Event-driven services are one of the core functions of function computing. The platform uses Knative Eventing’s Broker/Trigger event processing model to filter and distribute events. In addition, to ensure cross-platform and interoperability, CloudEvents, a standard data format defined by CNCF, will be used for event transfer.

As shown in the figure above, the architecture is divided into three parts, from left to right, the event source, the event receiver/forwarder, and the event consumer.

  1. The event source

An event source is a Kubernetes custom resource that provides a mechanism for registering a class of events from a particular service system. For example, object storage event sources, Github event sources, and so on. Therefore, different event sources require different custom resources to be described.

Event sources are responsible for taking events for a particular service system and converting them into CloudEvents format events to send to Knative Eventing platforms (the Broker/Trigger event processing model).

  1. Event receiver/forwarder

The purpose of introducing the Broker/Trigger event processing model is to create black boxes that hide the implementation from the user without having to care about the underlying implementation details.

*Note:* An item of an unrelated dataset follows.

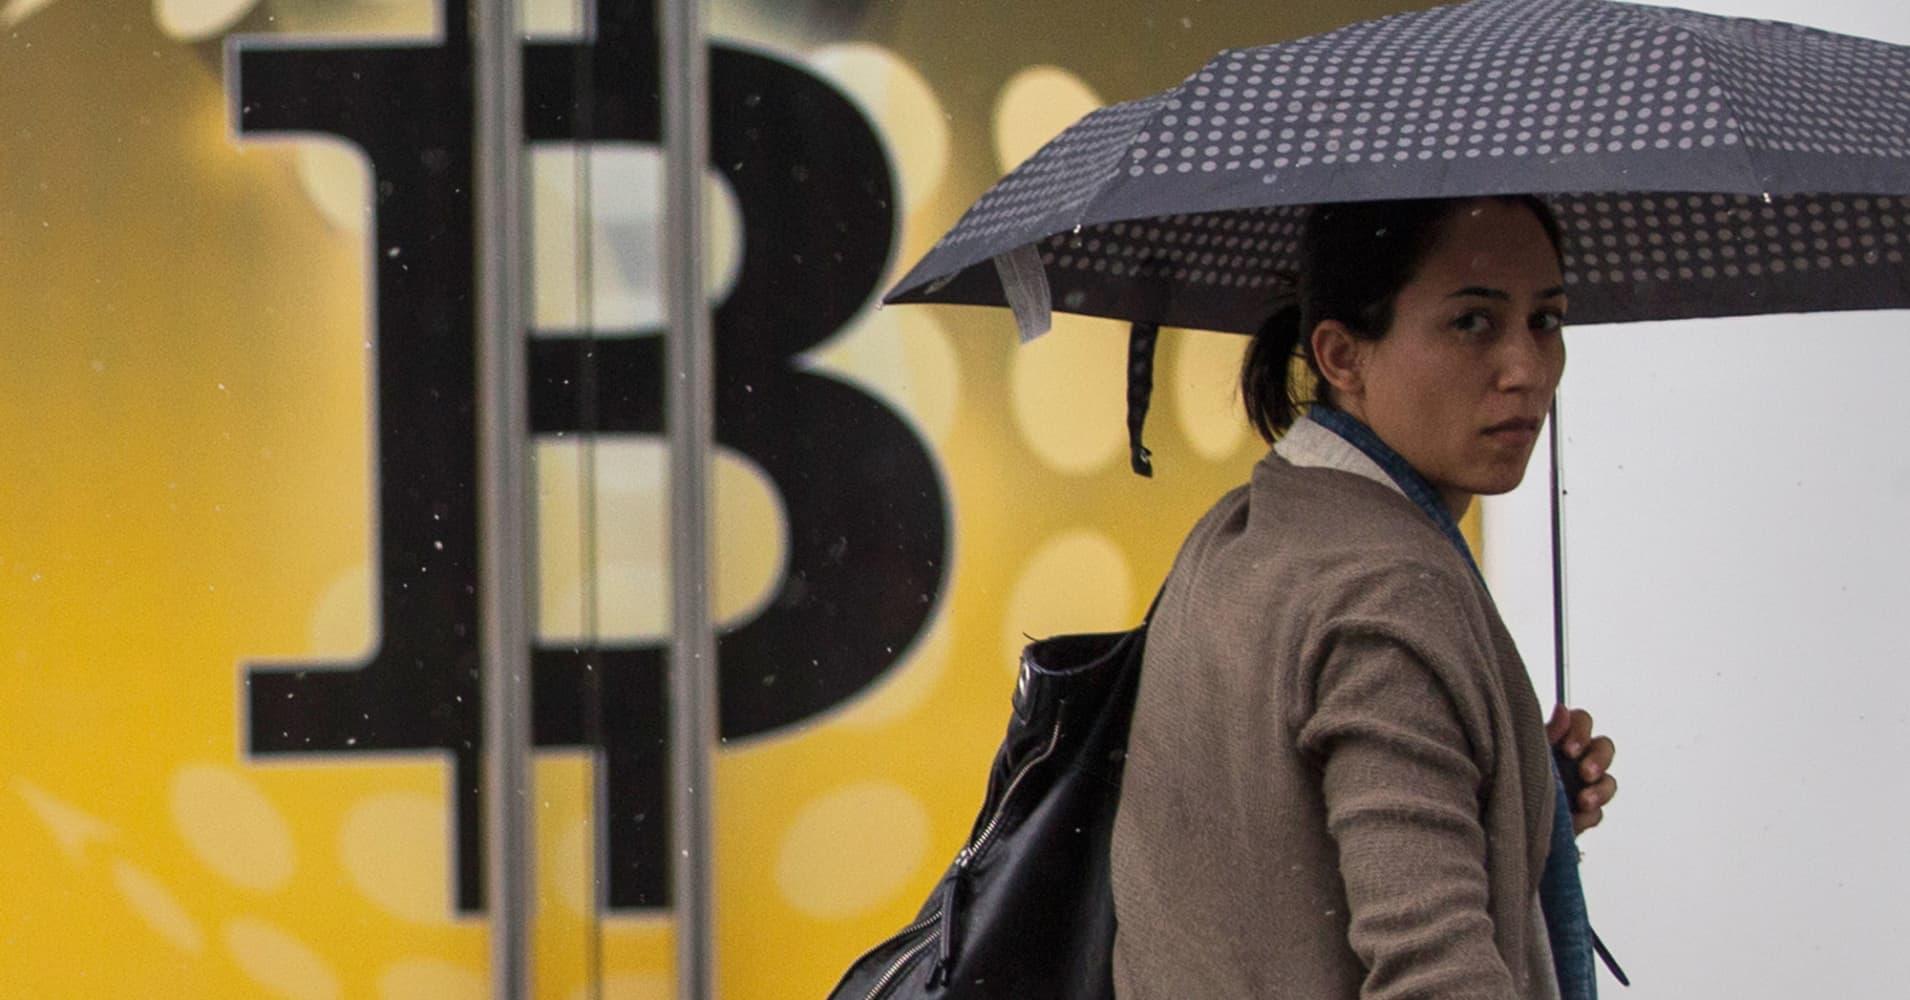 Bitcoin briefly plunges below $2,100 as upward momentum fades

  • The Broker, like an event bucket, receives a variety of events that can be filtered through properties.
  • Trigger describes a filter in which only events selected through the filter can be sent to event consumers.

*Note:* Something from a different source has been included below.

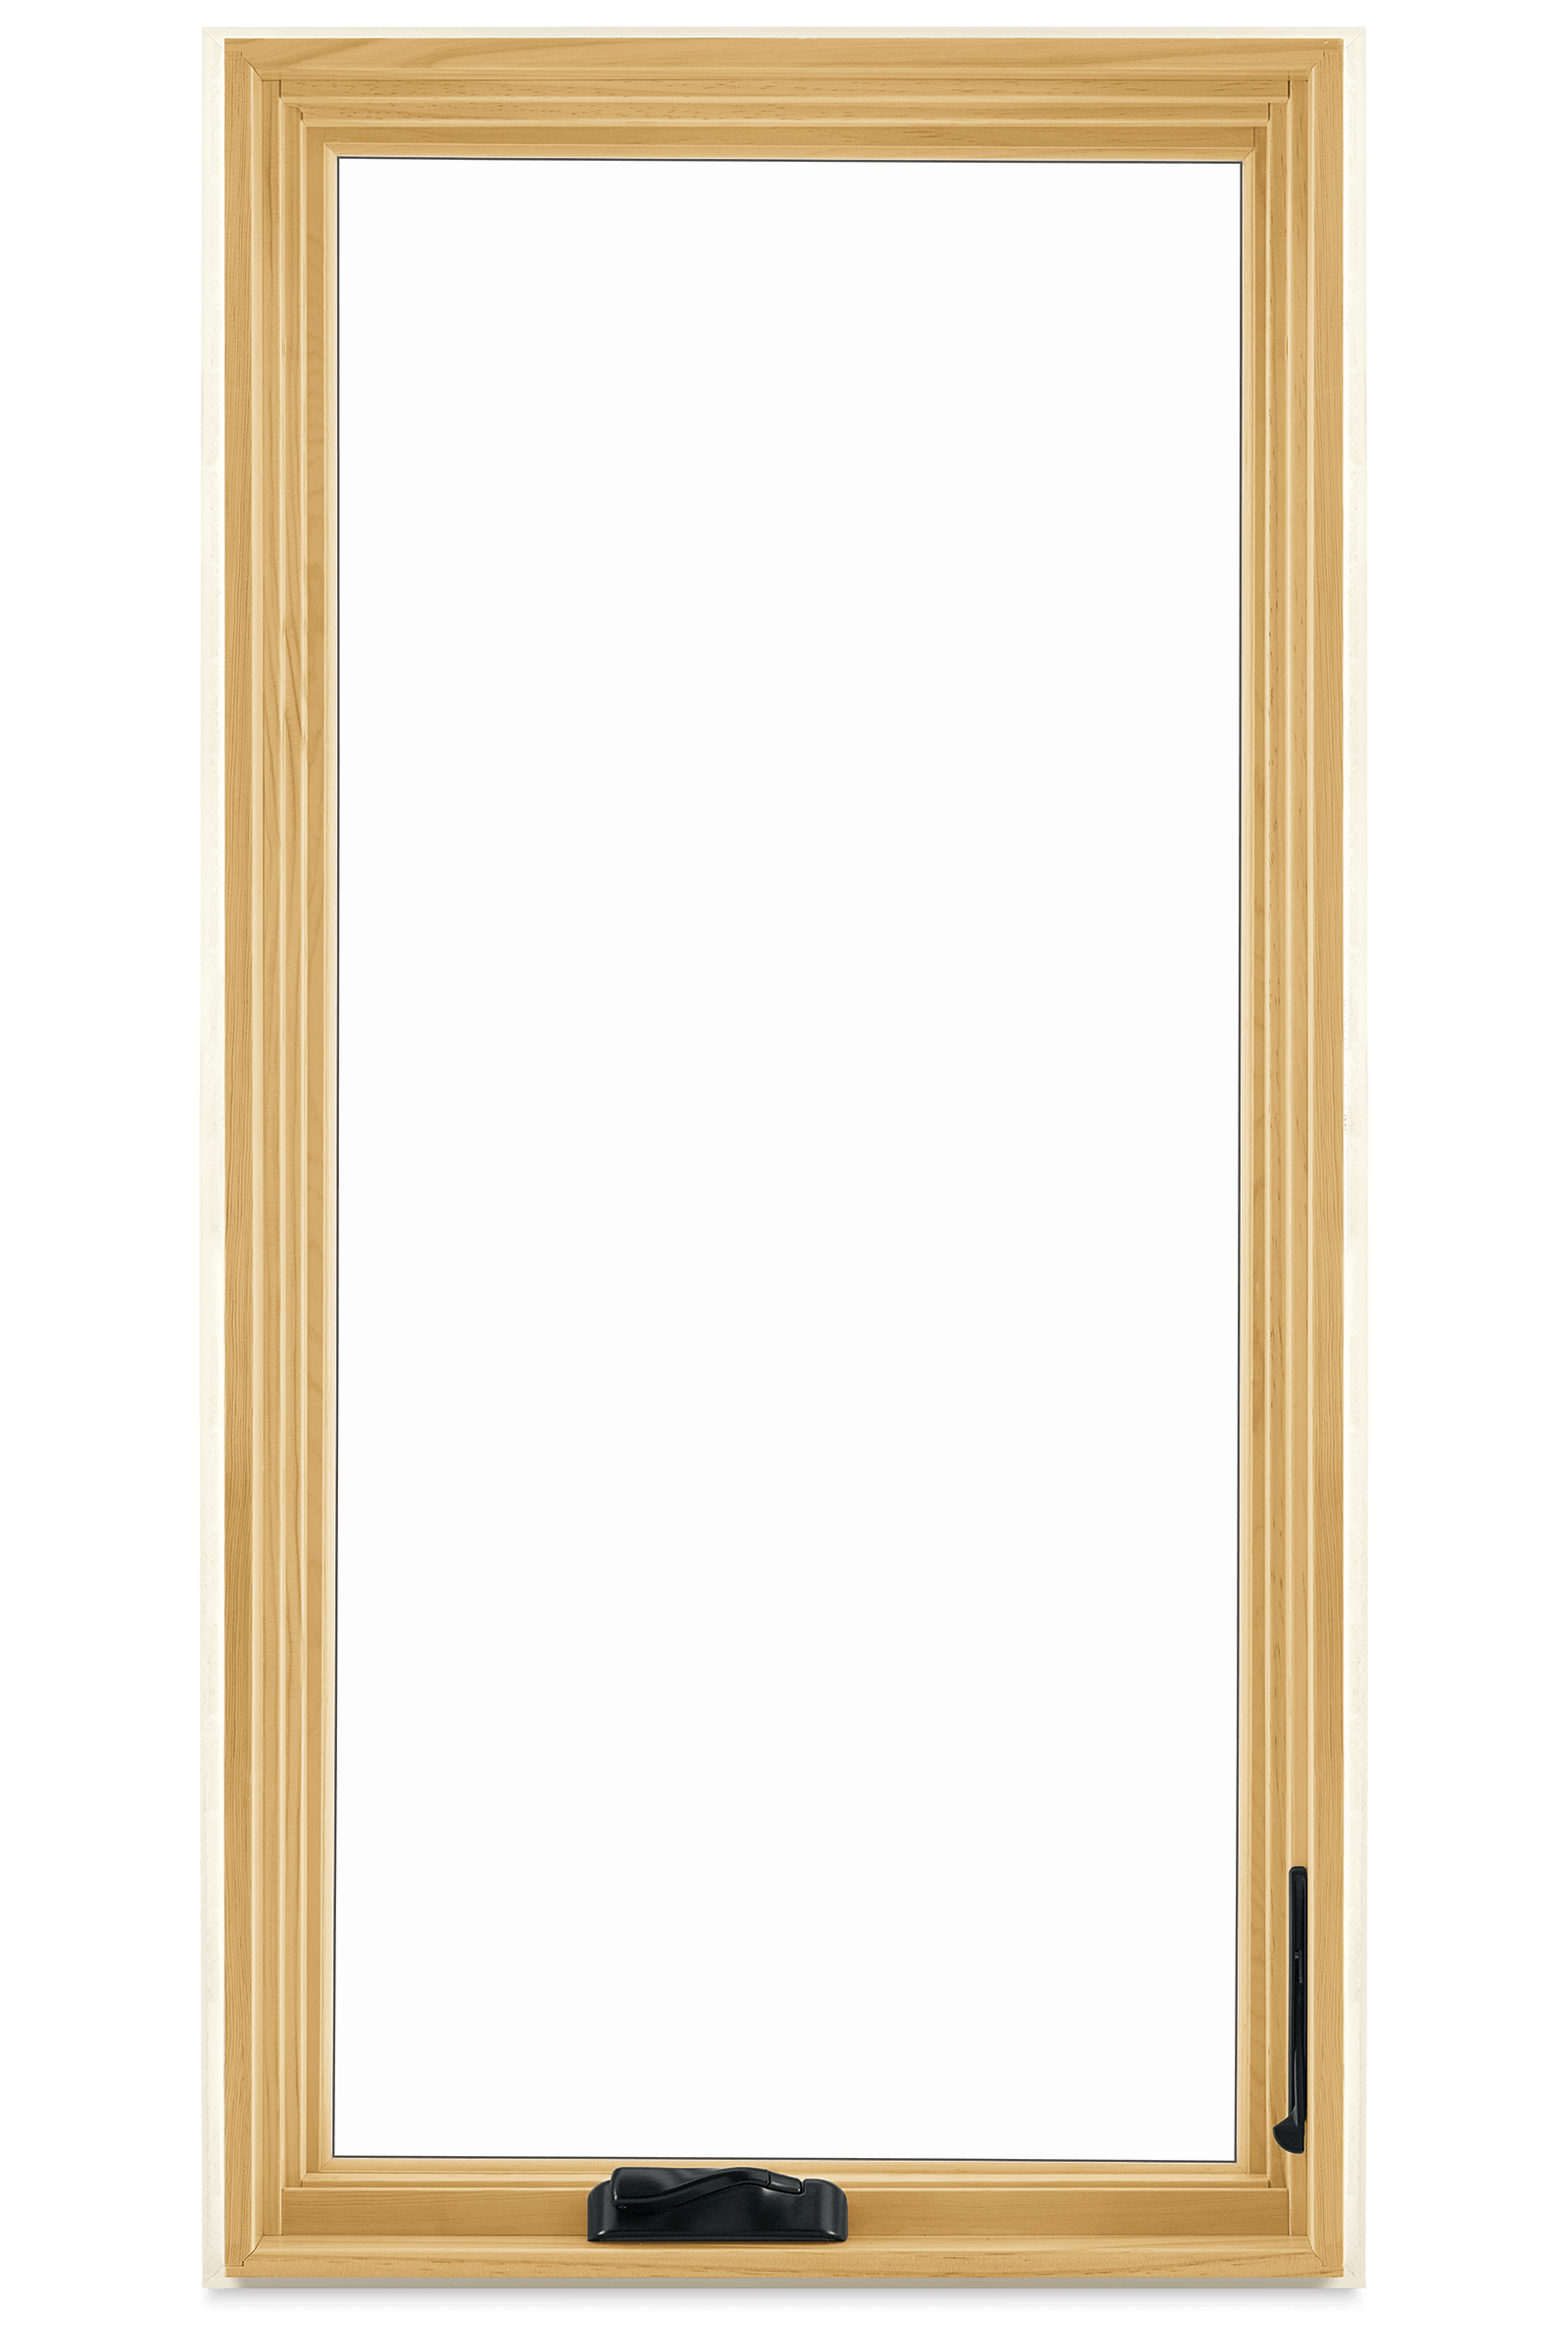 Wood Fiberglass Casement Windows Elevate Casement Marvin

As shown in Figure 1, the user uses filter to specify events of interest to the red ball, and eventually only such events are transmitted to event consumers (in this case, the Knative Service, or KSvc function).

  1. Event consumer

An event consumer can be a service or a system, in this case a user-written KSvc function (that is, the logical code that handles the event).

implementation
  1. Third-party Access

Third-party services accessing the Serverless platform based on Knative implementation need to provide specific event sources. The Knative community has maintained some event sources. For details, see github.com/knative/eve…

If the third-party service is not on the support list provided by the community, you need to customize the event source. There are several common ways to customize the event source:

ContainerSource is simple to implement and is currently the most common implementation of custom event sources. It is also recommended by the KNative platform.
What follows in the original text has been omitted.